Another chunk of wood blew off, close enough to Sarah to get a scream from the child. With an anguished expression on her face, Asia began to row, pulling hard on the oars, the prow cutting through the oncoming waves.

Waist deep in water now, Elliot dove as the Mag, advancing towards the shore and seeing him as the most immediate threat, fired again, the burst making the water boil.

The diving man felt the impact waves of the bullets plunging past him.

The Mag fired again, trying to hit the slagger in the water, but the churning sand made it impossible to find him.

Dropping a clip, the armored man inserted a fresh one, then sighted in on the skiff, which was just in his range, focusing on the black-haired woman who was even now raising a patched sail that billowed in the breeze.

The finger began to squeeze…

Elliot slammed into the Mag from the side, the blaster discharging harmlessly into the water as the Baron’s man stumbled.

Elliot blinked saltwater from his eyes, and panted, still winded from the quick underwater swim, his lungs still desperately pulling air from his surfacing behind the low pile of driftwood and his quick dash to stop the Mag from firing. His chest burned, but with the sight of the Mag gaining acquisition on his family, his thoughts of escape were washed way by a burning tide of desperate hate.

Elliot slammed his forearm into the juncture of helmet and neck, the Mag stumbling forward into the water. He was driven to his knees as Elliot struck again, barely feeling his own flesh crush against the armor of his opponent.

The Mag surged up, his own forearm smashing against his attackers head.

Elliot stumbled back, his vision obscured by a wave of stars filling his eyes. Dimly he was aware of the Sin-Eater raising, and more by instinct and luck than by conscious effort caught the Sec-man’s wrist, the blaster cooking off, powder scorching his thigh.

The Mag, three inches taller, tried to knee Elliot in the groin, but he was fighting in an unfamiliar environment, not the savage Tartarus Pits and missed, the sand and water combining to drag his foot down, for one precious second leaving him off-balance.

Elliot shoved even as he felt the armored knee scrape his thigh, and both he and the Mag plunged into the water, sinking below the waves that now surged waist high.

Elliot’s world turned sea-green, sound became muffled as the water closed over him.

The Mag tried to bring his blaster in line, but Elliot shoved hard, and the barrel plunged into the silt.

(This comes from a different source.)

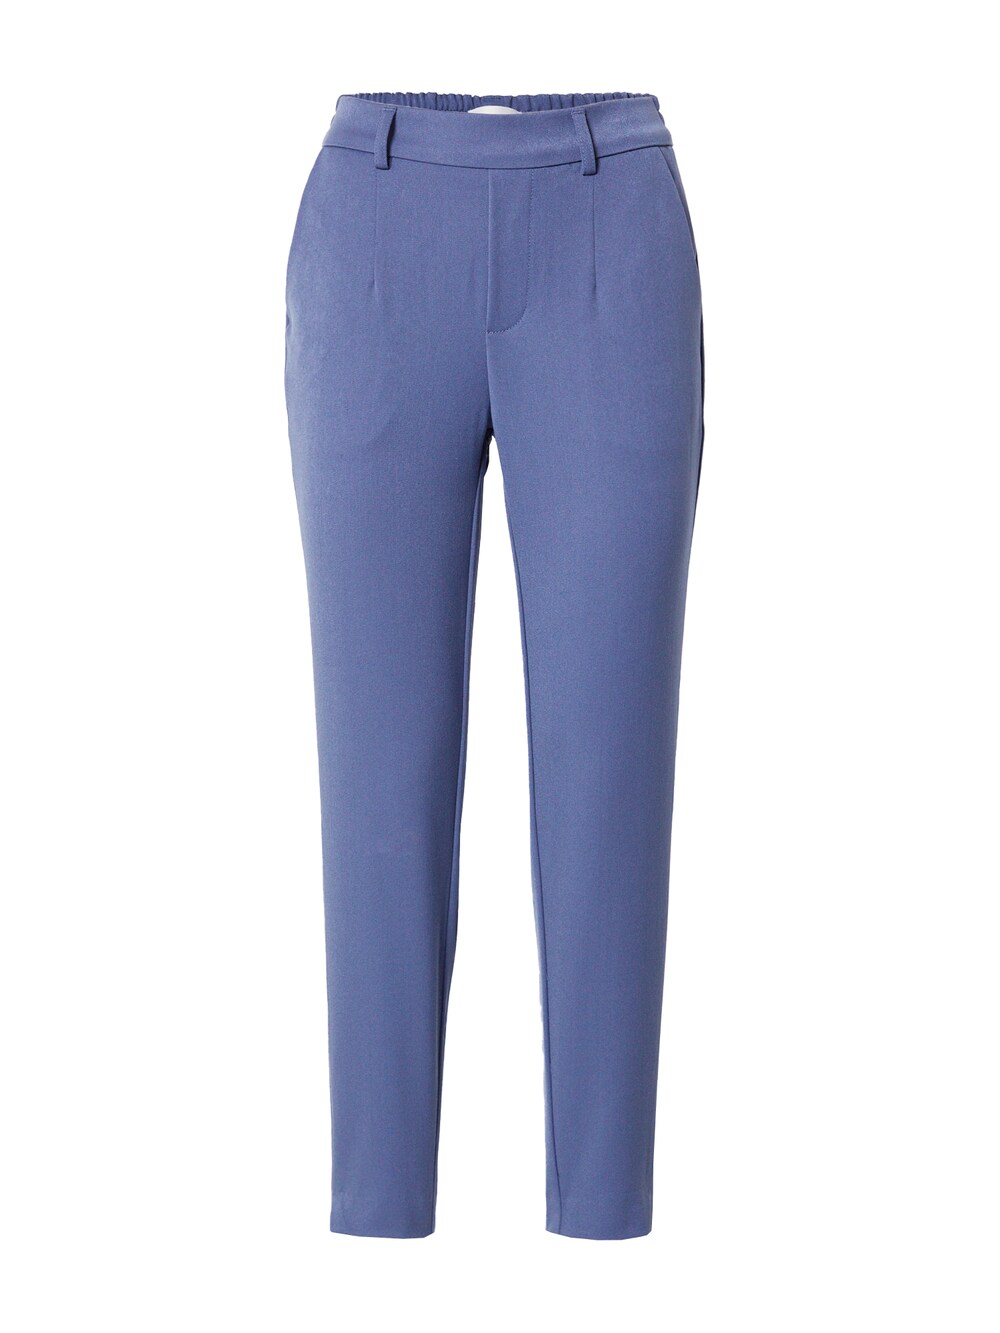 Узкие брюки со складками спереди Object, синий узкие брюки со складками спереди fransa curve stretch коричневый

Both broke the surface at the same time, gasping for air. The Mag clawed at his boot, drawing his combat blade to slash at his enemy’s chest with the razored edge.

Elliot hissed his pain, then locked up with the man, his left hand still holding the Mag’s blaster hand, his right grabbing for the knife wielding left.

He felt, for an instant, a strange sense of Déjà vu.

Then, thrusting his leg between the Mag’s, Elliot heaved with all his strength, lifting the Mag up and plunging backwards into the water.

Waves washed over where they’d gone under, then there was an explosion of bubbles, then a blot of red stained the water’s surface.

Elliot’s head broke the water, his teeth gritted, his right hand holding a gauntleted hand armed with a blade, the other under the water.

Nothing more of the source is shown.